From mboxrd@z Thu Jan  1 00:00:00 1970
Received: from foss.arm.com (foss.arm.com [217.140.110.172])
	by smtp.subspace.kernel.org (Postfix) with ESMTP id D08D2156EF
	for <iommu@lists.linux.dev>; Fri,  5 May 2023 18:55:22 +0000 (UTC)
Received: from usa-sjc-imap-foss1.foss.arm.com (unknown [10.121.207.14])
	by usa-sjc-mx-foss1.foss.arm.com (Postfix) with ESMTP id 3874A1FB;
	Fri,  5 May 2023 11:56:06 -0700 (PDT)
Received: from [10.57.81.246] (unknown [10.57.81.246])
	by usa-sjc-imap-foss1.foss.arm.com (Postfix) with ESMTPSA id 0FD023F64C;
	Fri,  5 May 2023 11:55:20 -0700 (PDT)
Message-ID: <7324a84b-09e5-c86d-4e11-dc970f124fea@arm.com>
Date: Fri, 5 May 2023 19:55:17 +0100
Precedence: bulk
X-Mailing-List: iommu@lists.linux.dev
List-Id: <iommu.lists.linux.dev>
List-Subscribe: <mailto:iommu+subscribe@lists.linux.dev>
List-Unsubscribe: <mailto:iommu+unsubscribe@lists.linux.dev>
MIME-Version: 1.0
User-Agent: Mozilla/5.0 (Windows NT 10.0; rv:102.0) Gecko/20100101
 Thunderbird/102.10.1
Subject: Re: [PATCH] iommu/iova: Don't reset cached_node in dac deallocation
Content-Language: en-GB
To: Zaid Alali <zaidal@os.amperecomputing.com>, Joerg Roedel
 <joro@8bytes.org>, Will Deacon <will@kernel.org>, iommu@lists.linux.dev
Cc: D Scott Phillips <scott@os.amperecomputing.com>
References: <ZFOri/cwNVeEIPAf@zaid-VirtualBox>
From: Robin Murphy <robin.murphy@arm.com>
In-Reply-To: <ZFOri/cwNVeEIPAf@zaid-VirtualBox>
Content-Type: text/plain; charset=UTF-8; format=flowed
Content-Transfer-Encoding: 8bit

On 2023-05-04 13:56, Zaid Alali wrote:
> The iova allocator has two rbtrees for allocations that are not satisfied
> by rcache. The two rbtrees track iovas for the ranges of 32bit address
> space and larger address space >32bit. On deallocation, the cached_node
> is updated to point to the deallocated iova.
> 
> Because the cached_node is moved to point to the recently deallocated
> iova with higher address, the first-fit allocator needs to walk the
> rbtree backwards skipping holes that do not fit while holding
> iova_rbtree_lock, which impacts performance and can cause soft-lockups.
> On deallocation, do not reset the cached_node to the freed iova for the
> rbtree tracking the dac addresses and keep moving forward with new
> allocations. This only affects addresses > 32bit.

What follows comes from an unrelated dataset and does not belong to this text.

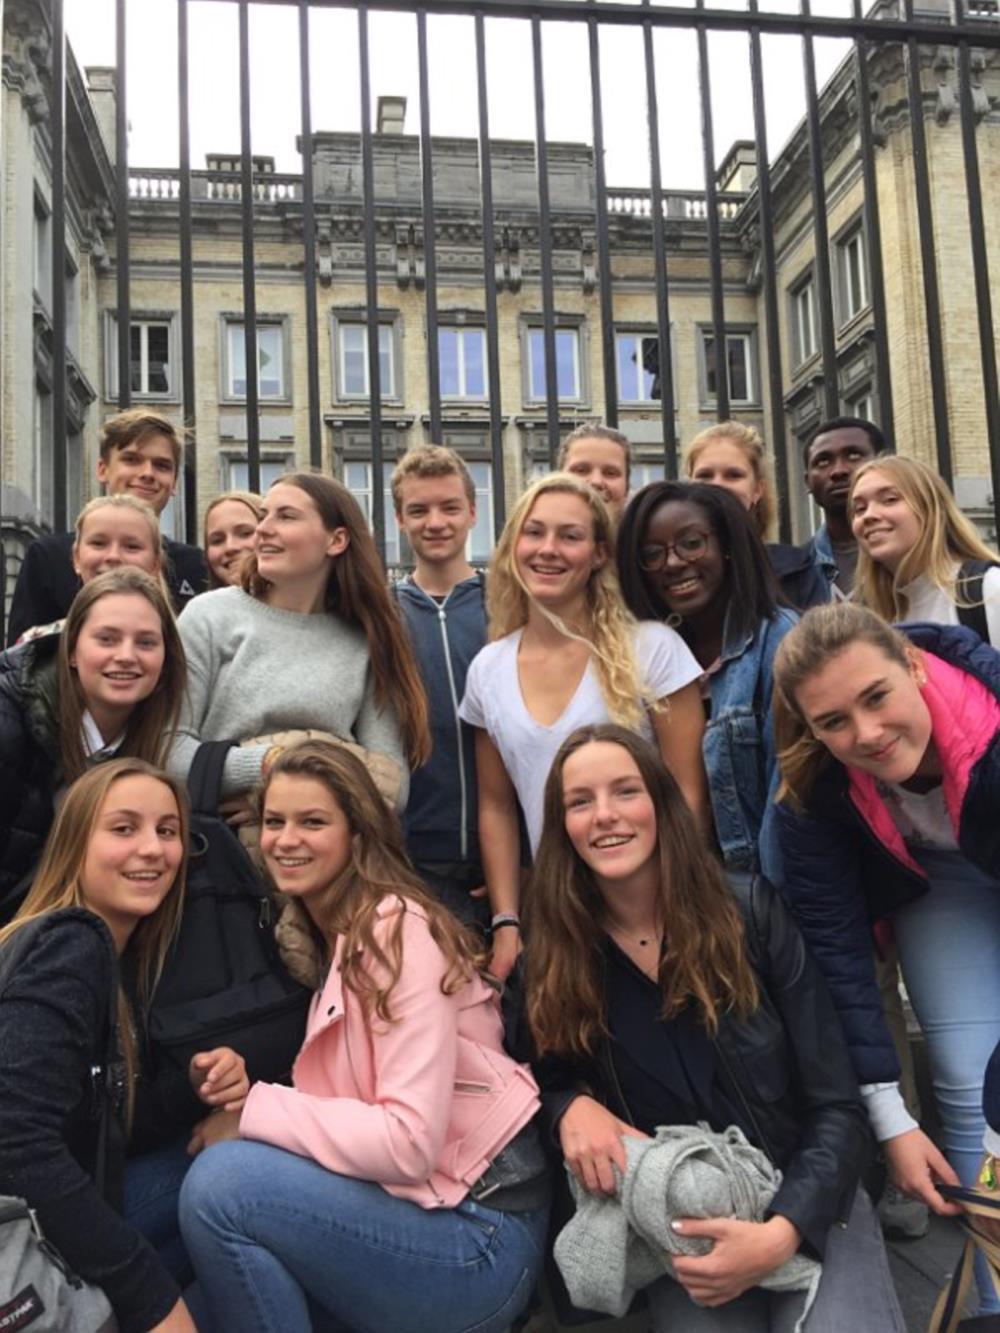 Bezoek federaal parlement Brussel (6HWE)

The trouble with this is the long-term impact: the cached node basically 
never moves upwards, so over time as new IOVA allocations continue, DMA 
working sets slowly and steadily move down through their respective 
address spaces, leaving allocated-but-empty pagetables above. Given 
enough time, all memory is pagetables and the system withers and dies :(

> This patch was tested with ‘iommu.forcedac=1’ and 20 dd read instances
> of 8GB from nvme as well as kernel compilation running in parallel.

Hmm, if it's the case that you're hitting the rbtree all the time 
because your NVMe thinks it wants chunks that are too big for the IOVA 
rcaches, you might like this thread even more:

https://lore.kernel.org/linux-iommu/20230503161759.GA1614@lst.de/

Thanks,
Robin.

> The test results obtained from /proc/lock_stat shows the following
> improvements for iovad->iova_rbtree_lock:
> 
> 	Wait time average: reduced by 31%
> 	Hold time average: reduced by 60%
> 
> Signed-off-by: D Scott Phillips <scott@os.amperecomputing.com>
> Signed-off-by: Zaid Alali <zaidal@os.amperecomputing.com>
> ---
>   drivers/iommu/iova.c | 2 +-
>   1 file changed, 1 insertion(+), 1 deletion(-)
> 
> diff --git a/drivers/iommu/iova.c b/drivers/iommu/iova.c
> index fe452ce46..d2a6cb573 100644
> --- a/drivers/iommu/iova.c
> +++ b/drivers/iommu/iova.c
> @@ -106,7 +106,7 @@ __cached_rbnode_delete_update(struct iova_domain *iovad, struct iova *free)
> 		iovad->max32_alloc_size = iovad->dma_32bit_pfn;
>   
> 	cached_iova = to_iova(iovad->cached_node);
> -	if (free->pfn_lo >= cached_iova->pfn_lo)
> +	if (free == cached_iova)
> 		iovad->cached_node = rb_next(&free->node);
>   }
>